An accurate metaphor describes emotions as mental muscles—the more you exercise them, the stronger the neural connections underlying them grow. The more you focus on any emotion, the more likely you are to frequently experience it by habit.
Implicit Metaphors
Although "implicit metaphors" guide behavior outside awareness, they can be ascertained on reflection.
I ask clients at intake to come up with metaphors that describe their lives. Here are typical responses:
“Life is a minefield.”
“Life is a journey.”
“Life is a three-ring circus.”
“Life is a race.”
“Life is a marathon.”
“Life is a battle.”
“Only the strong survive.”
Such metaphors sound subtle alarms, experienced as unease or tension.

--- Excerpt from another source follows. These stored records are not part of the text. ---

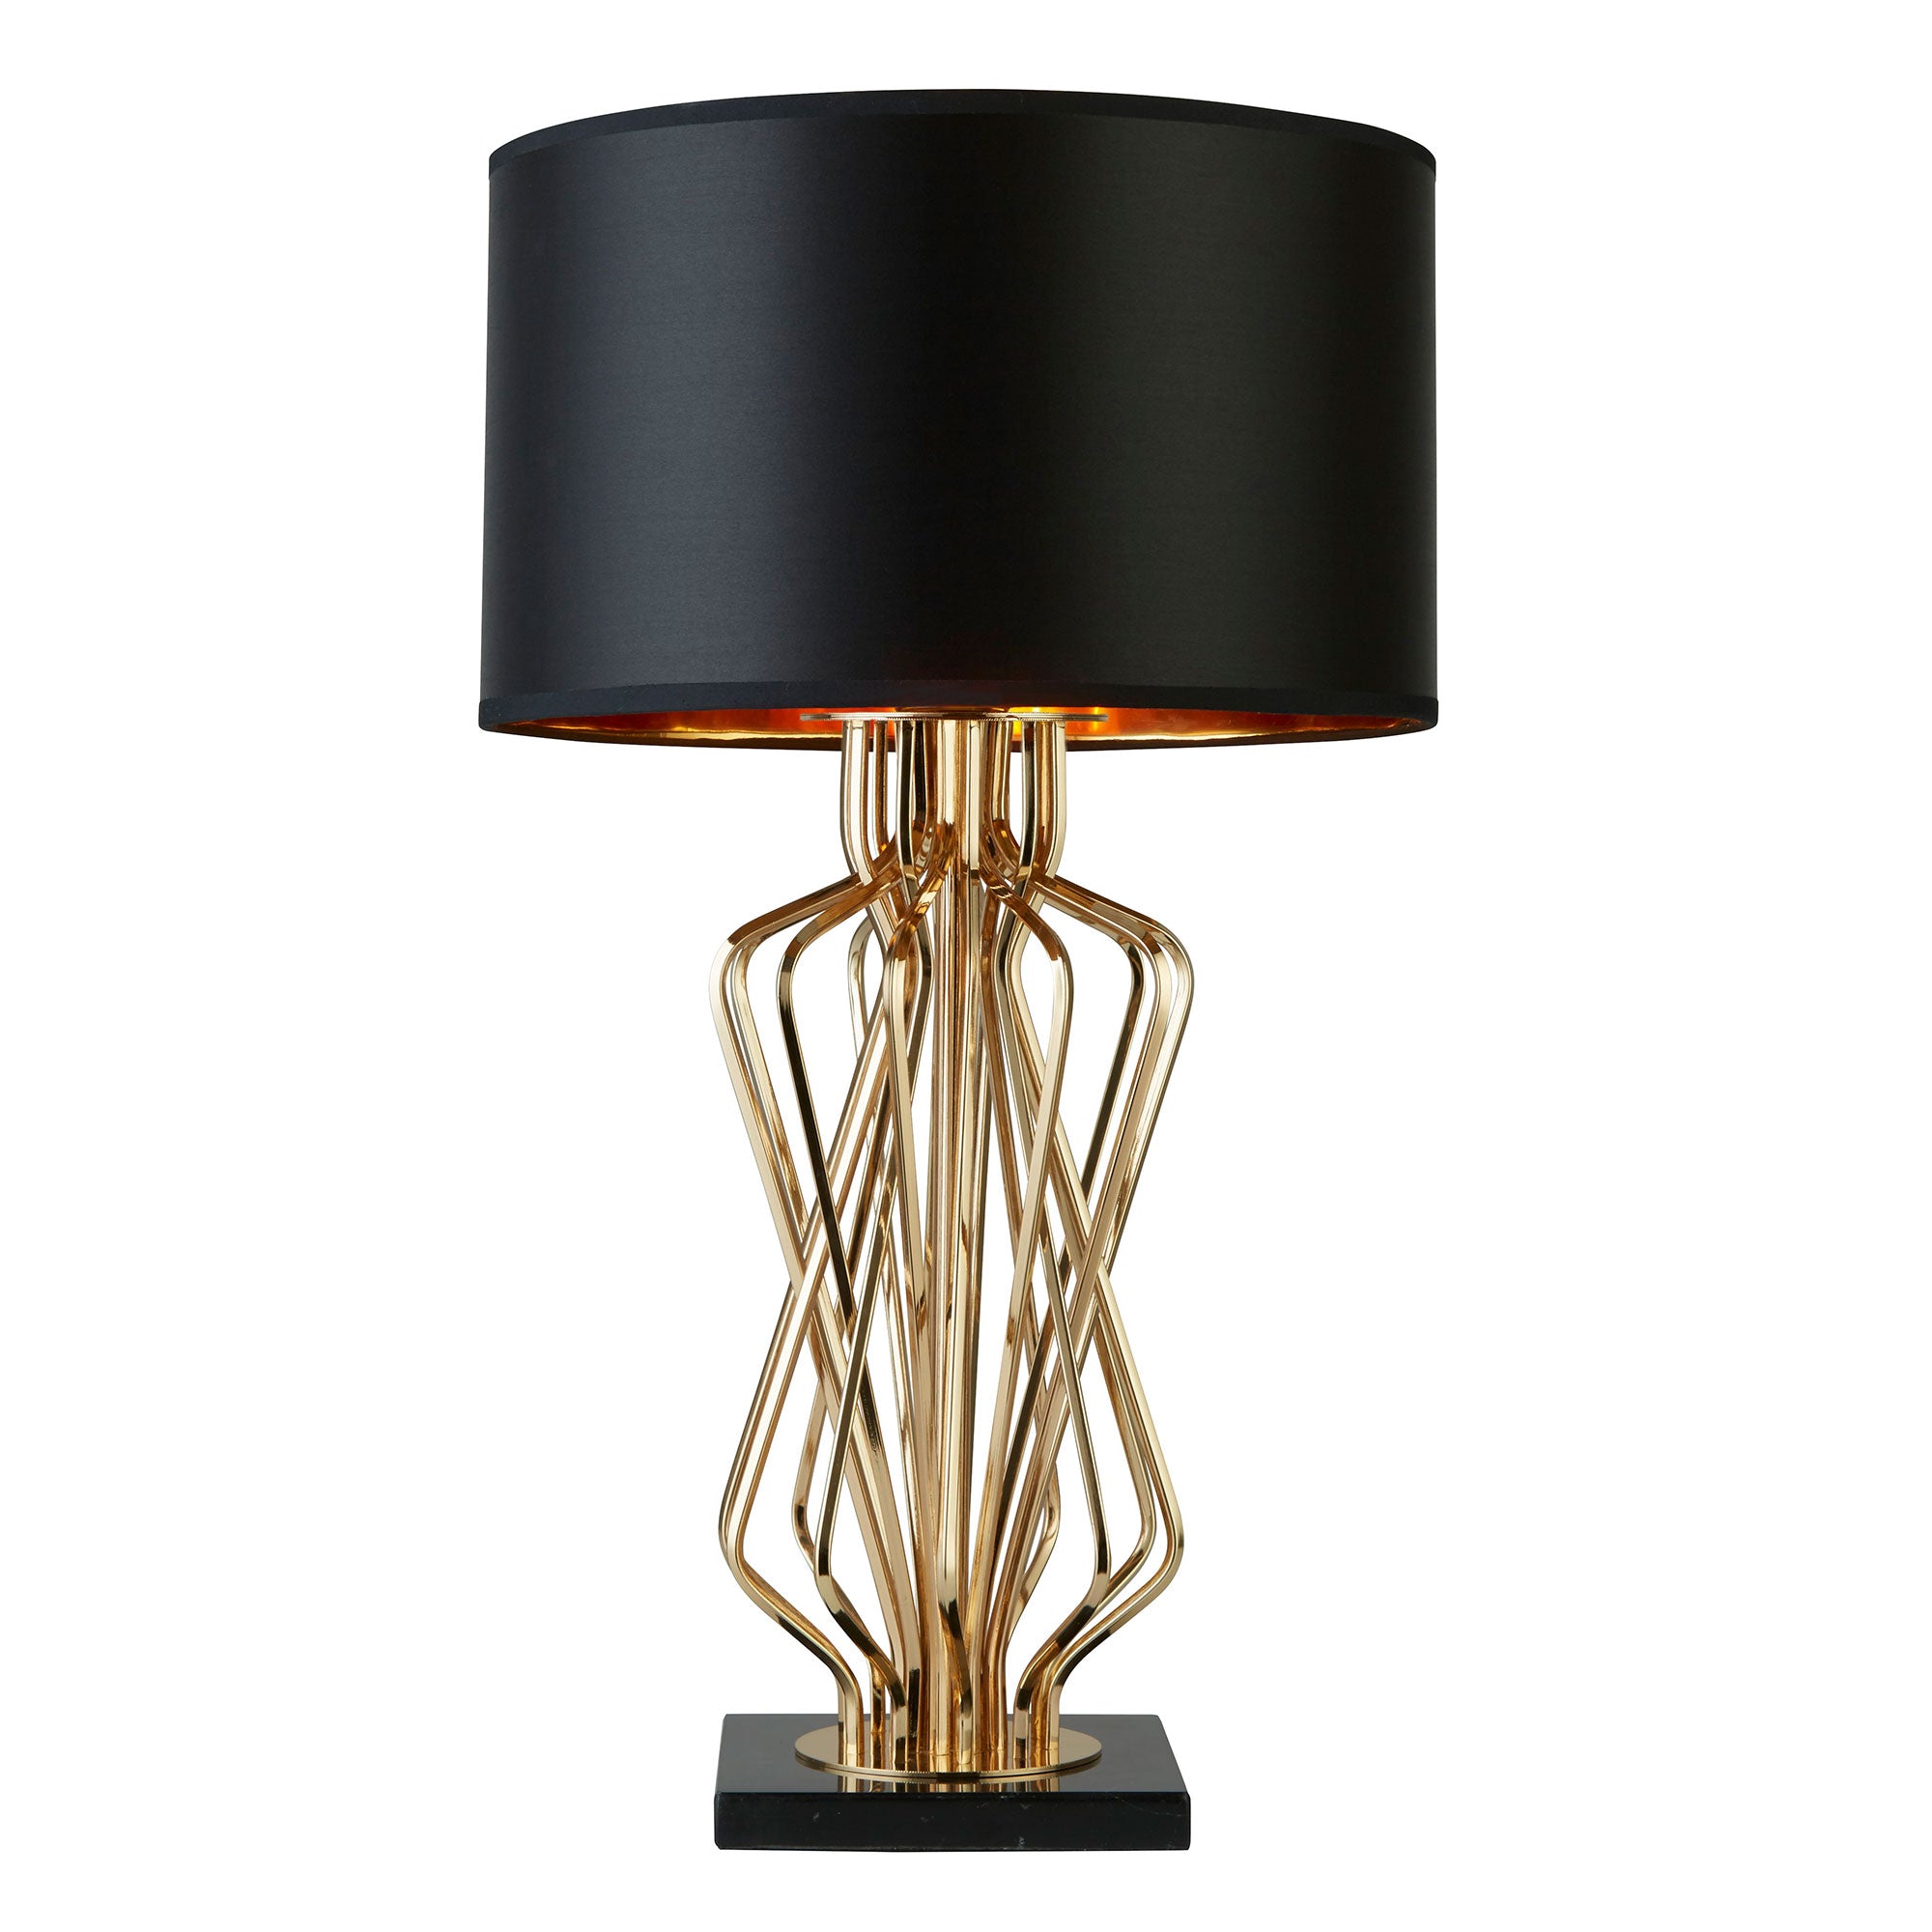 Brim - Black Table Lamp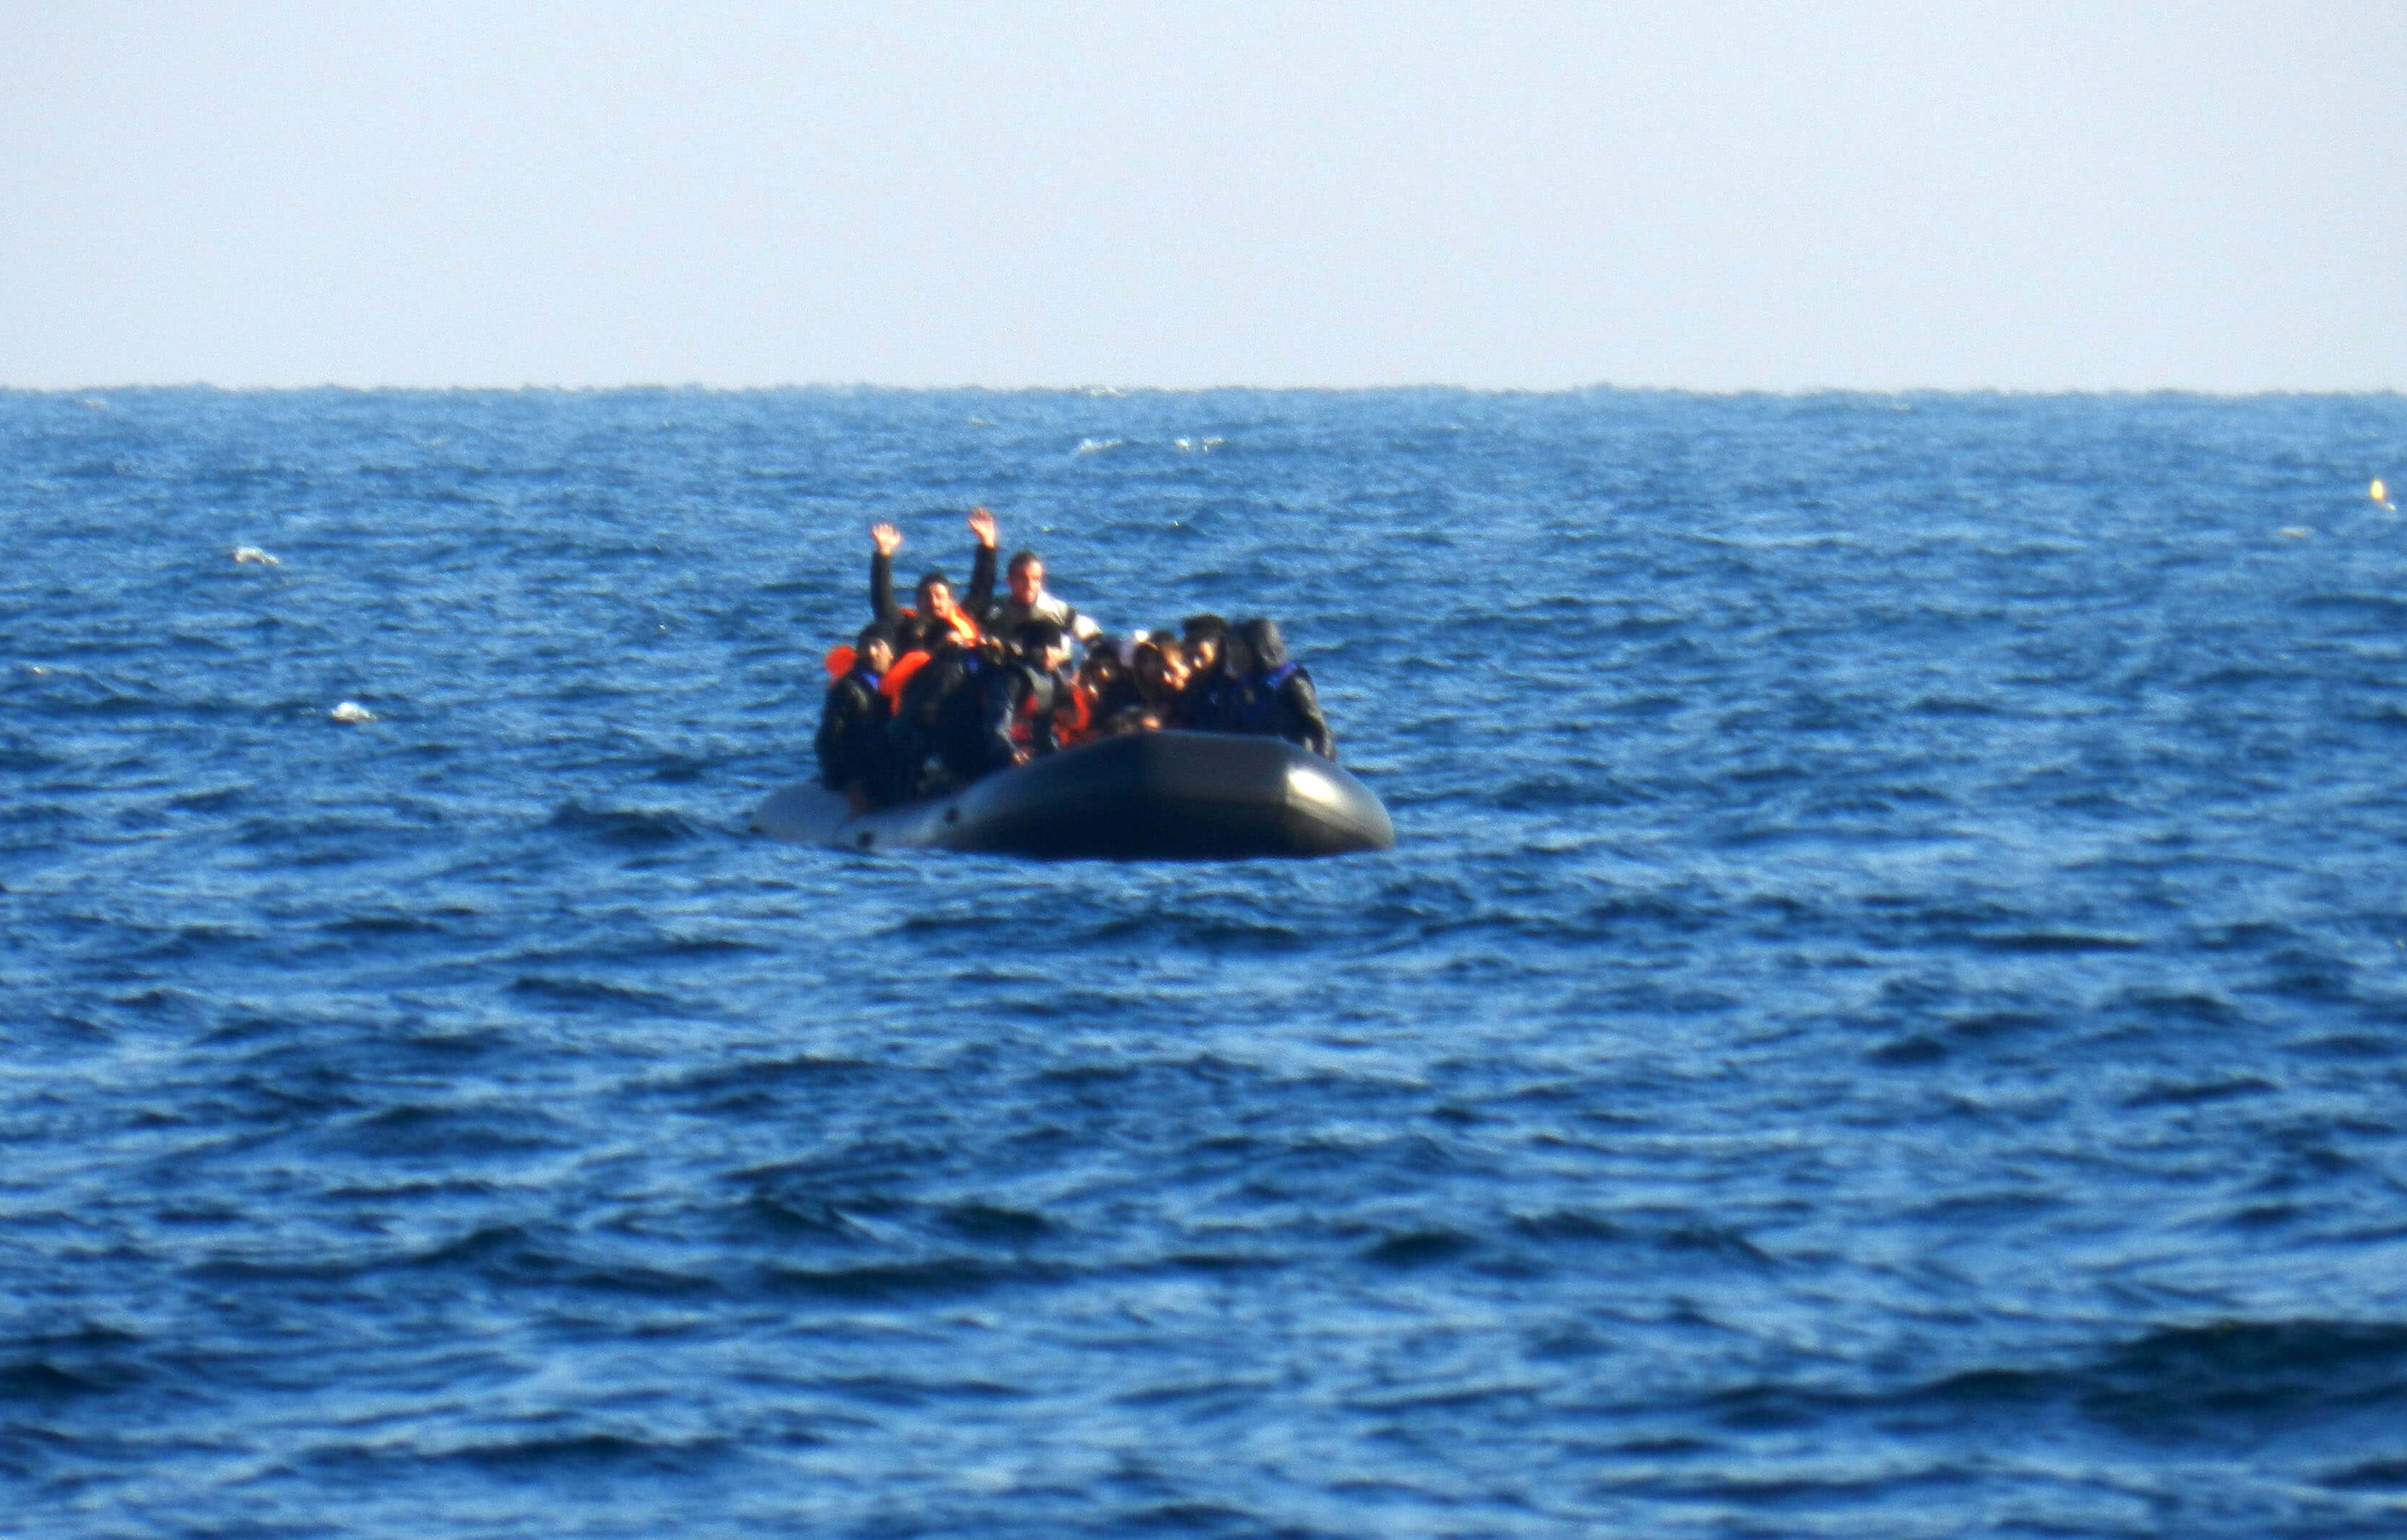 Αλεξανδρούπολη: Θρίλερ για τον εντοπισμό βάρκας με μετανάστες – Τηλεφώνησαν μεσοπέλαγα για βοήθεια!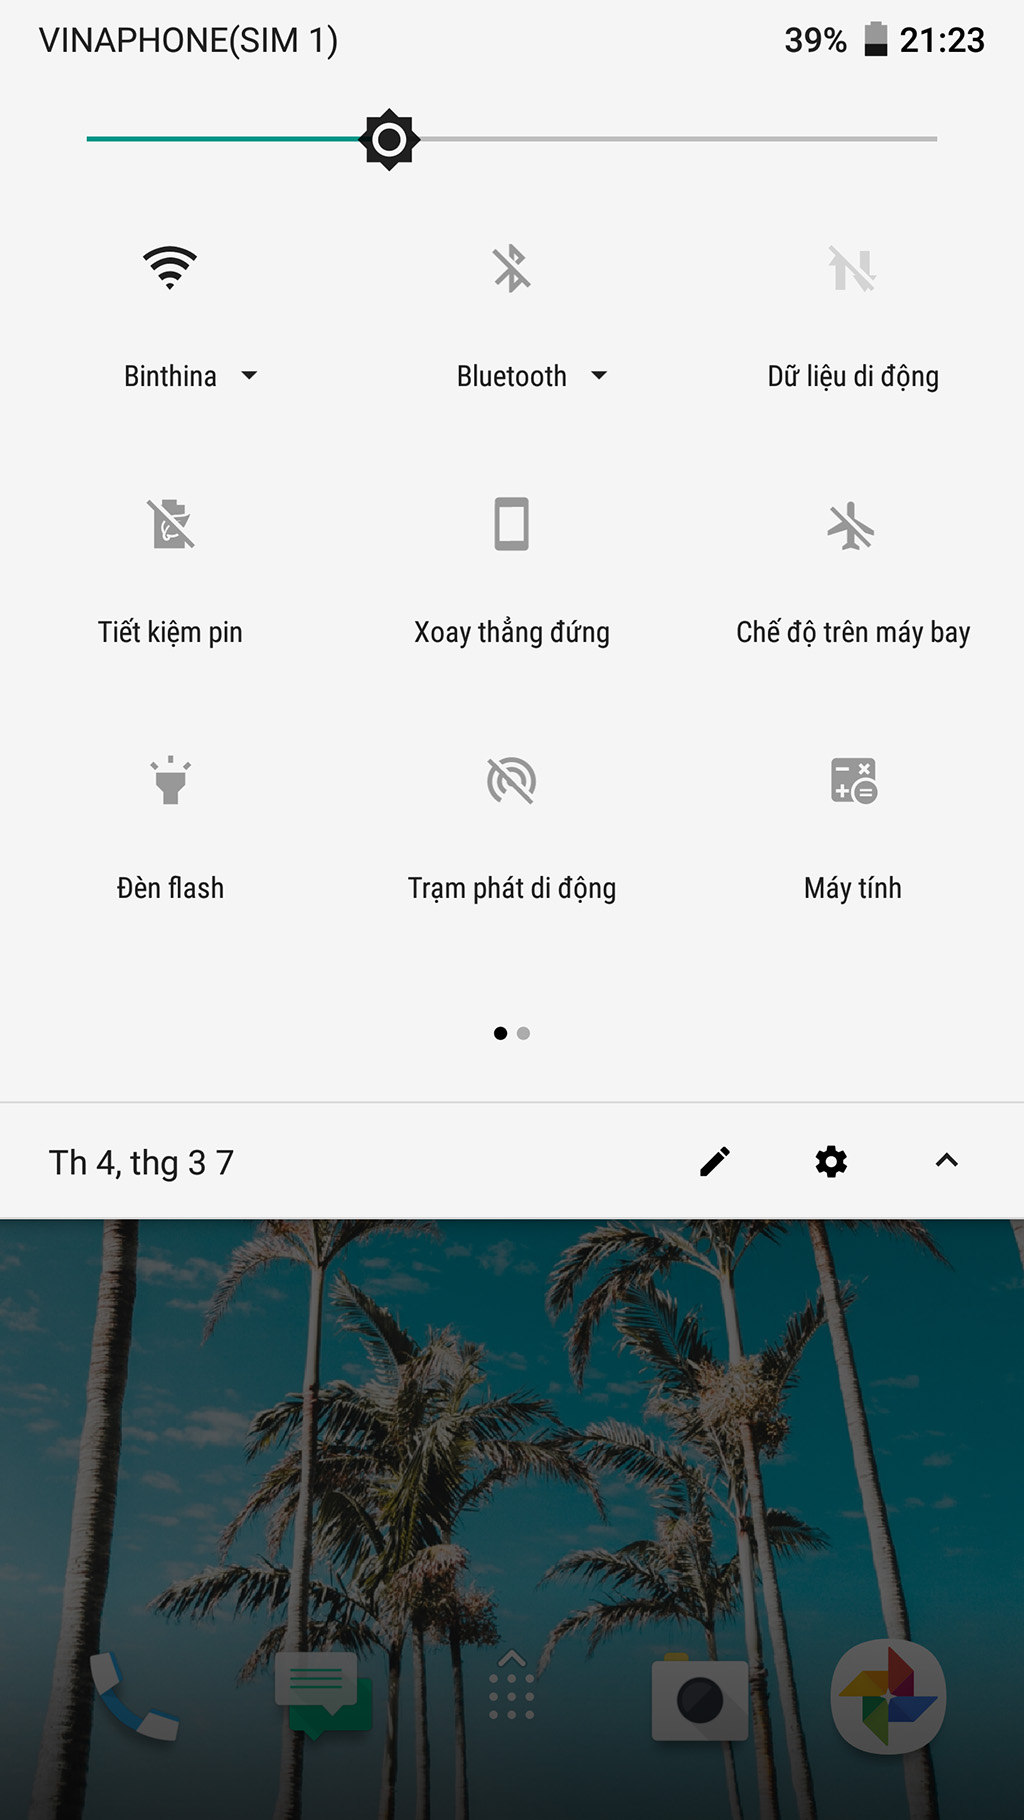 HTC U Ultra chính thức nhận
bản cập nhật Android 8.0 Oreo tại Việt Nam

They distort appraisals of reality and make us ever-ready to worsen experiences through blame, denial, or avoidance.
Bad Relationship Metaphors
The following are metaphors that intensified and prolonged painful standoffs between a client and his wife:
“A good husband is a rock,” which made him hard and intransigent.
“If a husband seems weak, he’ll be manipulated.”
“Marriage is a movie thriller; you have to drive hard to avoid a bad end.”
“Love is a meal we must eat together,” which made her feel needy.
We replaced these dysfunctional metaphors with those based on their deeper values:
“A good husband is a champion, a nurse, a guide, and a shade tree.”
“Marriage is a handful of seeds; with nurturing and care, they develop into a lovely garden.”
“Marriage is a movie with some comedy, mystery, excitement, sorrow, pain, love, and beauty.”
"Love is a lifeline that keeps us connected, even when we’re apart.”
When humane values fuel metaphors, they improve lives and enrich experiences.
Exercise
What is your metaphor for life?
If it's negative, adapt it in a way that allows improvement.
What is your metaphor for your relationship?
If it's negative, adapt it in a way that allows improvement.